Consequentially, the recognition level of the pedestrians and the
obstacles becomes extremely low. Therefore, it is necessary to
mount a large-sized reflection mirror in order to enlarge the
mirror image and enhance the recognition level. However, an
increase in the size of the reflection mirror causes an increase in
the wind pressure to the reflection mirror, which results in an
increase in the air resistance. As a result, fuel consumption of
the vehicle is increased. Furthermore, depending on the attaching
position or posture of the reflection mirror, the running position
of the following car capable of recognizing the mirror image of the
reflection mirror is designated, and it becomes impossible to
recognize the mirror image of the reflection mirror at the
positions other than the designated running position. Therefore,
the effect of using it is ruined. Furthermore, the driver of the
following vehicle may be dazzled because the reflected light from
the reflection mirror is too strong under the backlight condition
of the sun or the like, so that it raises an issue in terms of the
safety.
SUMMARY OF THE INVENTION
[0007] The object of the present invention therefore is to enable a
driver of a following vehicle whose sight ahead the vehicle is
blocked to drive safely according to a display of an onboard
display apparatus that is loaded on a leading vehicle, without
influencing the fuel consumption of the leading vehicle.
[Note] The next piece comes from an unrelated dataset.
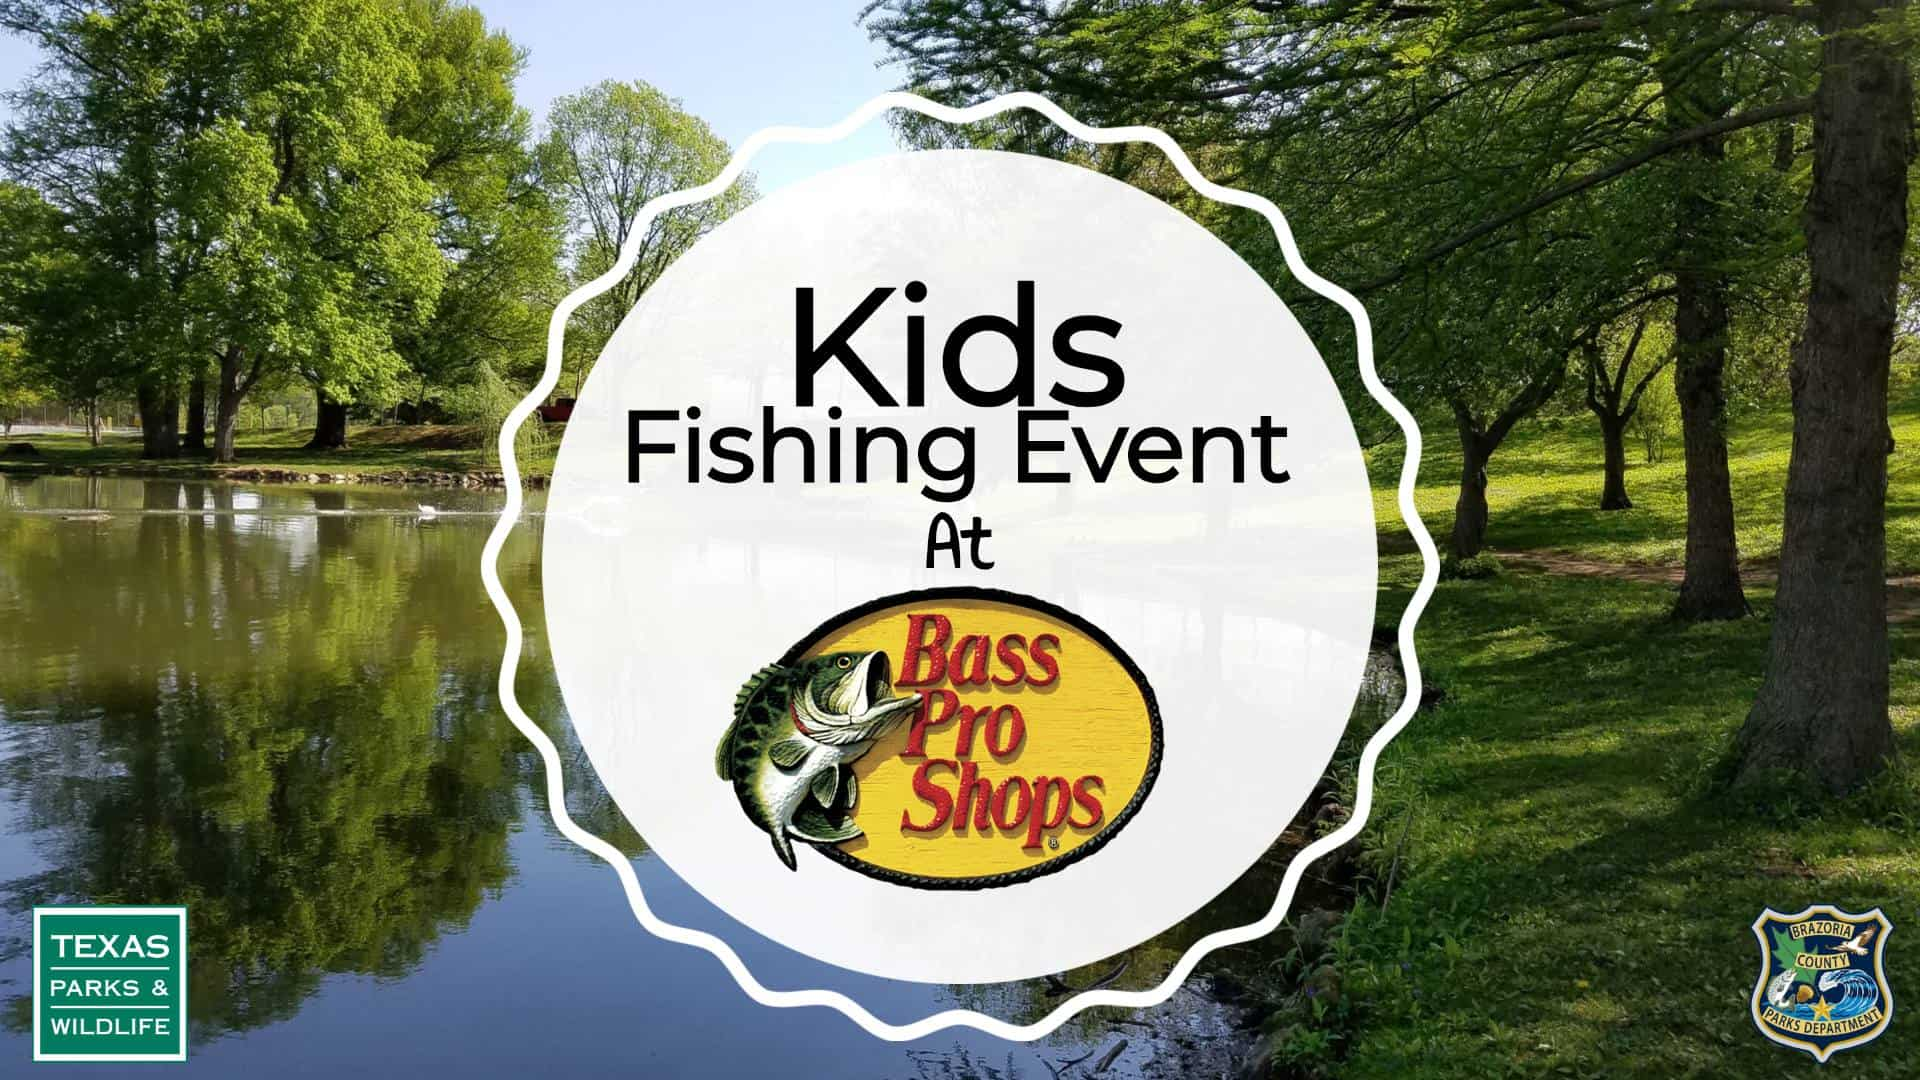 Bass pro shop fishing - Pearland Texas Convention & Visitors Bureau

[0008] In order to achieve the aforementioned object of the present
invention, the onboard imaging apparatus according to the present
invention comprises:
[0009] an onboard imaging camera for picking up an image of sight
ahead a vehicle; and
[0010] an onboard display device for displaying a picked-up image
that is picked up by the onboard imaging camera, wherein
[0011] the onboard display device is arranged at such a position of
the vehicle that it can be visually recognized from a following
vehicle.
[0012] The present invention displays the picked-up image of the
sight ahead the vehicle on the onboard display device. Thus, driver
of the following vehicle can recognize the image of the sight ahead
the vehicle without causing an inconvenience, e.g. an increase in
the fuel consumption of the vehicle due to an increase of the wind
pressure, unlike the conventional cases where the reflection
mirrors are used. Further, the picked-up images displayed on the
onboard display device can be visually recognized from many
following vehicles, so that the effect of using it is tremendously
enhanced. Furthermore, the drivers of the following vehicles can
easily recognize the picked-up images of the sight ahead the
vehicles, which are displayed on the onboard display device, even
under a backlight condition.
[0013] As a preferable embodiment of the present invention, the
onboard imaging apparatus further comprises an image processor for
generating an image signal based on the picked-up image of the
sight ahead the vehicle, which is picked up by the onboard imaging
camera, wherein
[0014] the onboard display device displays an image based on the
image signal generated by the image processor.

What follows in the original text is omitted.